Background information
- Born: Mark McLachlan 23 March 1965 (age 61)
- Origin: Clydebank, Dunbartonshire, Scotland
- Genres: Pop; soul; rock;
- Occupations: Singer; songwriter; actor;
- Years active: 1982–present
- Formerly of: Wet Wet Wet
- Website: martipellowofficial.co.uk

= Marti Pellow =

Scottish singer (born 1965)

Marti Pellow (born Mark McLachlan; 23 March 1965) is a Scottish singer, best known as the lead singer of the pop group Wet Wet Wet for 28 years: from their formation in 1982 until their split in 1997, and again from their reformation in 2004 to his departure in 2017. The bands debut album, Popped In Souled Out (1987) spawned four successful singles, including "Wishing I Was Lucky" and "Angel Eyes (Home and Away)", with the album peaking atop the albums charts in the United Kingdom, selling 1.5 million copies and earning a 5x Platinum certification from the British Phonographic Industry (BPI).

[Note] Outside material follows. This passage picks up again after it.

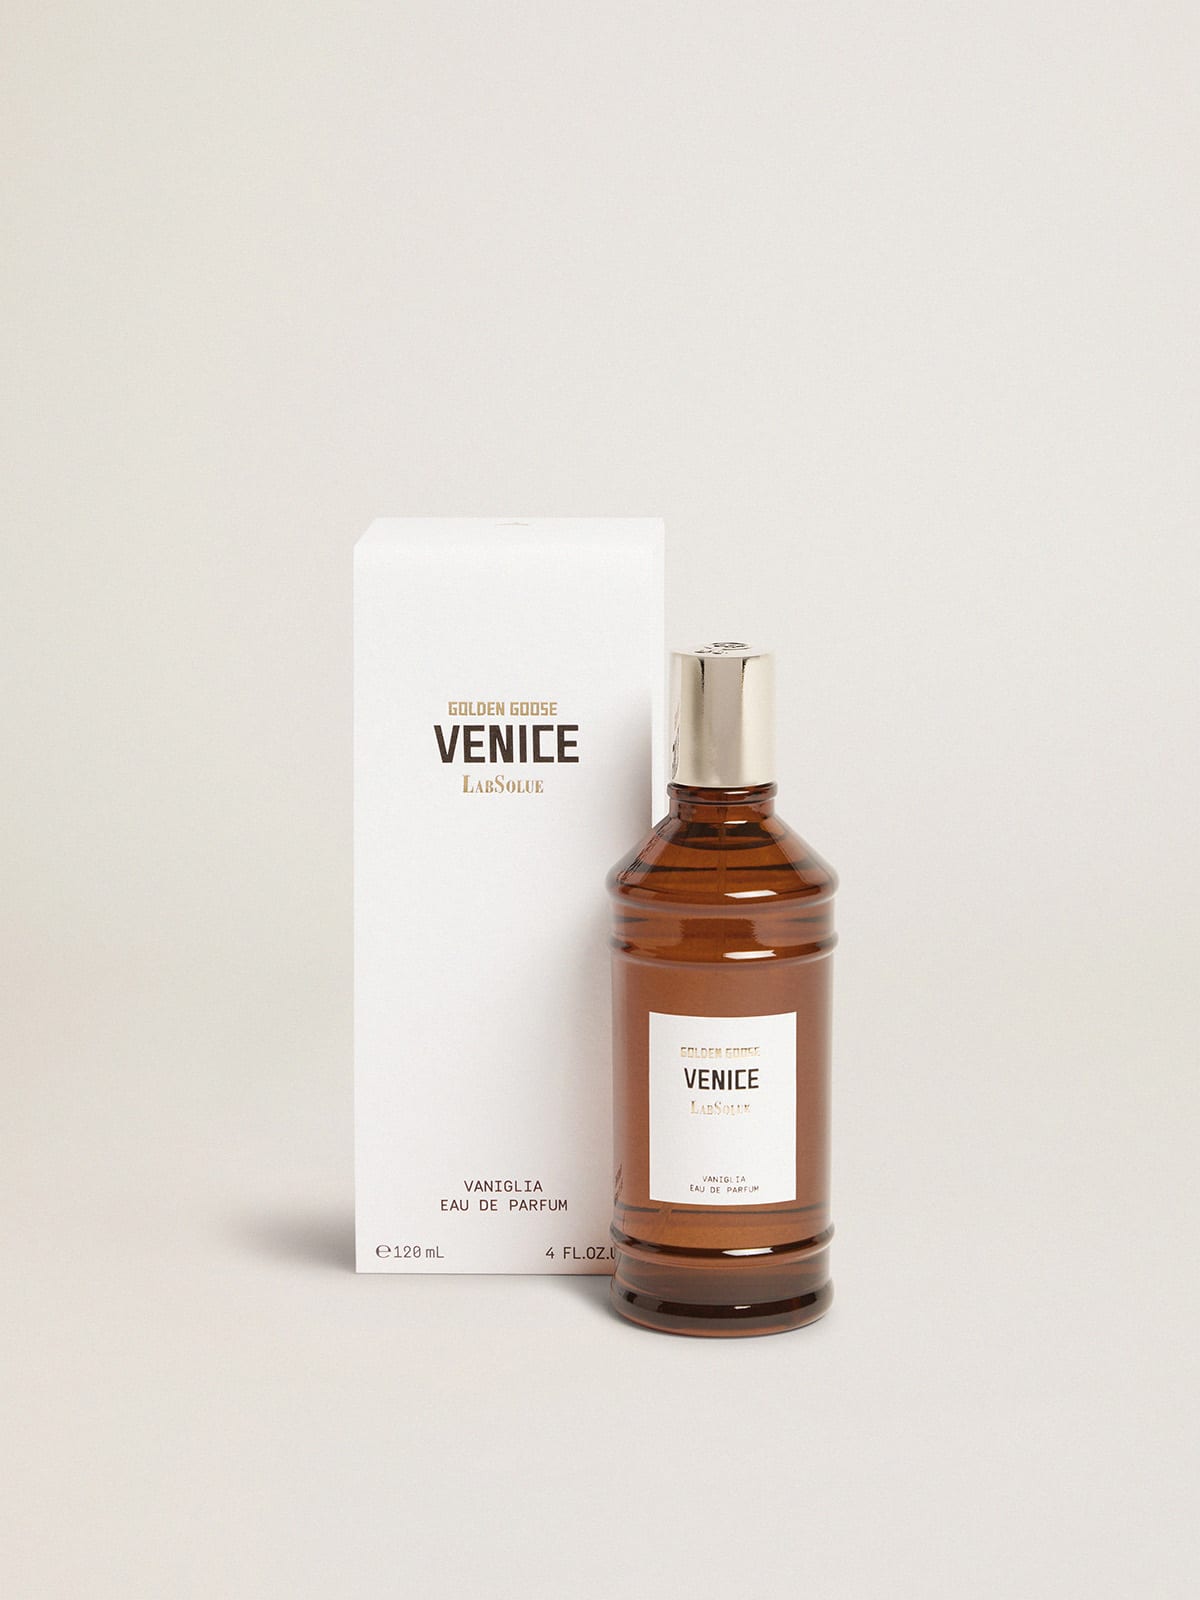 Golden Goose - Venice Essence Vainilla Eau de Parfum 120 ml in

The lead single from their fourth album, Picture This (1995), "Love Is All Around" topped the singles charts in the United Kingdom, Australia, Denmark, Iceland, Sweden and their native Scotland. Spending a total of fifteen consecutive weeks at number one on the UK Singles Charts, it became one of the longest chart reigns of all time in the United Kingdom, where it sold over 1.9 million copies. The band dissolved in 1997 following the release of their fifth album, 10, which resulted in Pellow launching a career as a solo artist with his debut solo album Smile being released in June 2001.

Pellow re–joined the band alongside the other members in 2004, releasing their first album of new material in ten years, Timeless in 2007, before Pellow left the band once more in 2017 to focus on his solo career. In addition to music, Pellow has performed as an actor in musical theatre productions in both the West End and on Broadway.

==Early life==
Pellow's first exposure to music occurred around the age of 7. He would listen to his mother's Barras-bought 8-track record collection of Burt Bacharach and Hal David, but it was the soul genre of the selection that drew him in. Early Marvin Gaye and, especially, Sam Cooke captivated him. He then discovered live music. "Hey, wait a minute – check that picture: not only is this music amazing, but these guys deliver it live? That's for me."

When he told his father about the direction he wanted his life to take, he was less than enthusiastic. "'Are you on a hallucinogenic substance or something? What's wrong with getting out there and getting an apprenticeship? I'm a builder, your grandfather was a builder, your great-grandfather was a shipbuilder. What do you want to be a musician for?' And I said, 'No, you don't understand – this is my vocation in life; this is what I want to be'."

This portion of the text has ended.